The review of over 200 boring logs revealed depth to bedrock in the MMRV alluvial valley ranges form 5 to > 60 m below ground surface. Significant variation in depth to bedrock between closely spaced borings suggests a high-relief bedrock surface, perhaps of karstic origin. In the overlying alluvium, where the floodplain has not been reworked recently, there is a distinct assemblage of inter-bedded brownish, silt, loams and grey, silty, clay (generally >10 m thick) which overlies older, coarser alluvial deposits. This assemblage is interpreted as interbedded loess and overbank deposits. Near the base of this unit, red to reddish-brown silt and clay beds were found in about a dozen of the borings. The reddish color of these beds suggests a possible Lake Superior basin provenance.

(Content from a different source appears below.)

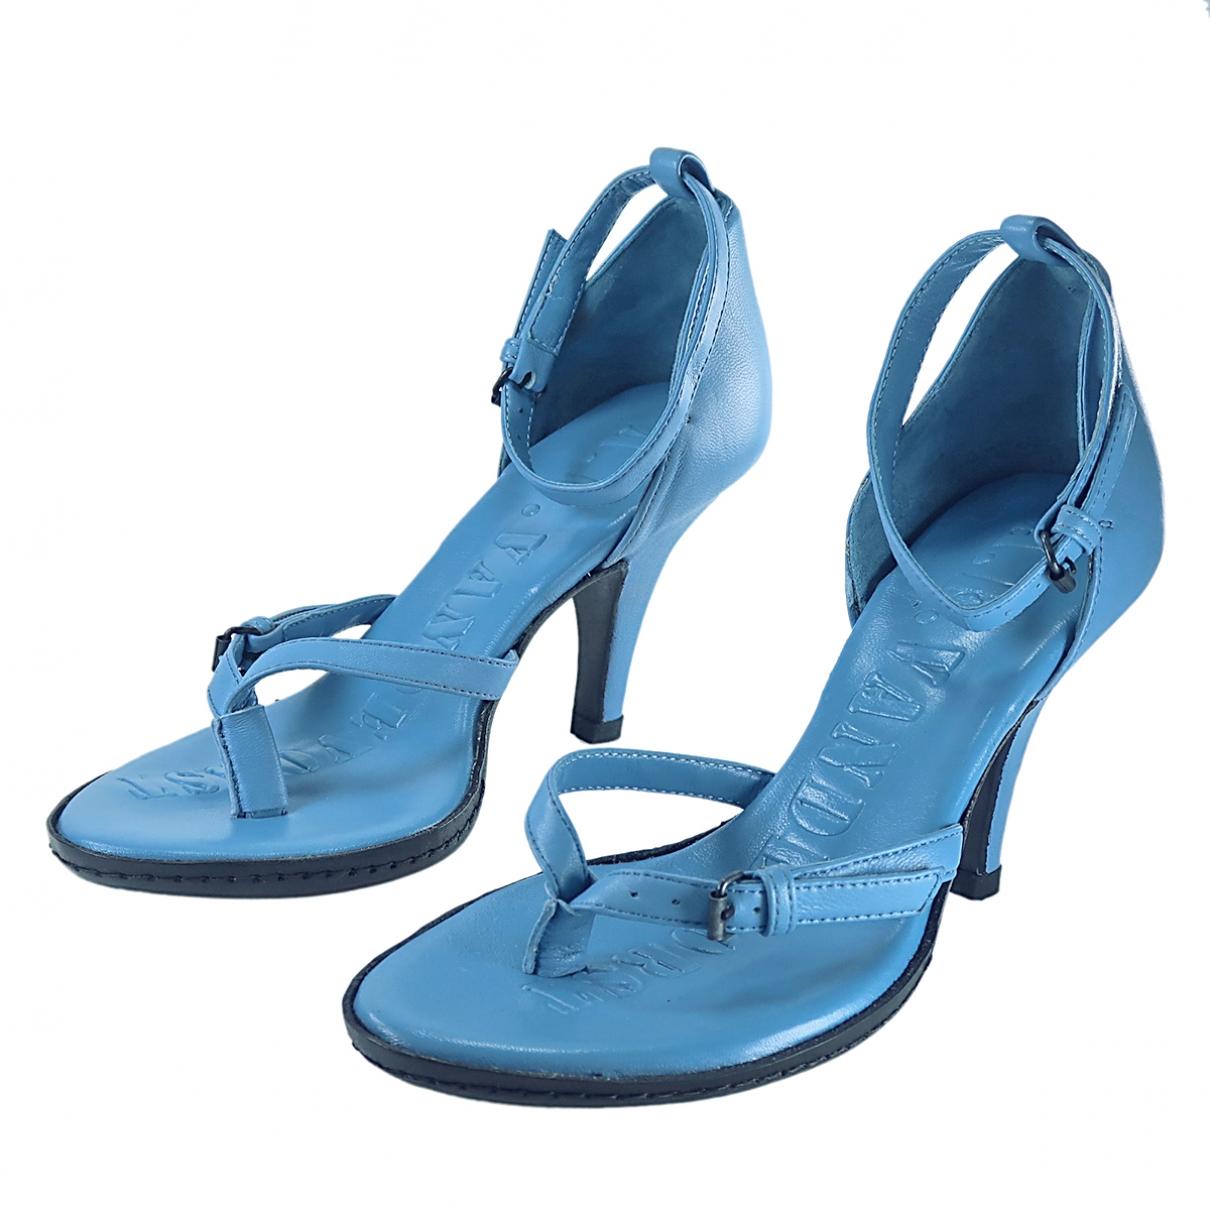 A.f.vandevorst - Sandales   pour femme en cuir - bleu

Large-scale Pleistocene avulsion events are recorded at Thebes Gap and Grand Tower. The Thebes Gap diversion has been studied previously, but little is known about the diversion at Grand Tower (GT). The modern course of the MMR in the area of GT appears to be the result of at least two diversions. The first diversion routed the channel around Fountain Bluff and then back into the alluvial valley. The second diversion occurred just downstream of the original, resulting in the current position of the river along the Missouri bluffs. This new course is primarily bedrock-floored. In contrast, bedrock depth within the abandoned portion of the original diversion is > 50 m. The location of these diversions and varying depths to bedrock coincide with elements of the Ste. Genevieve Fault Zone, suggesting some structural control of the GT diversions.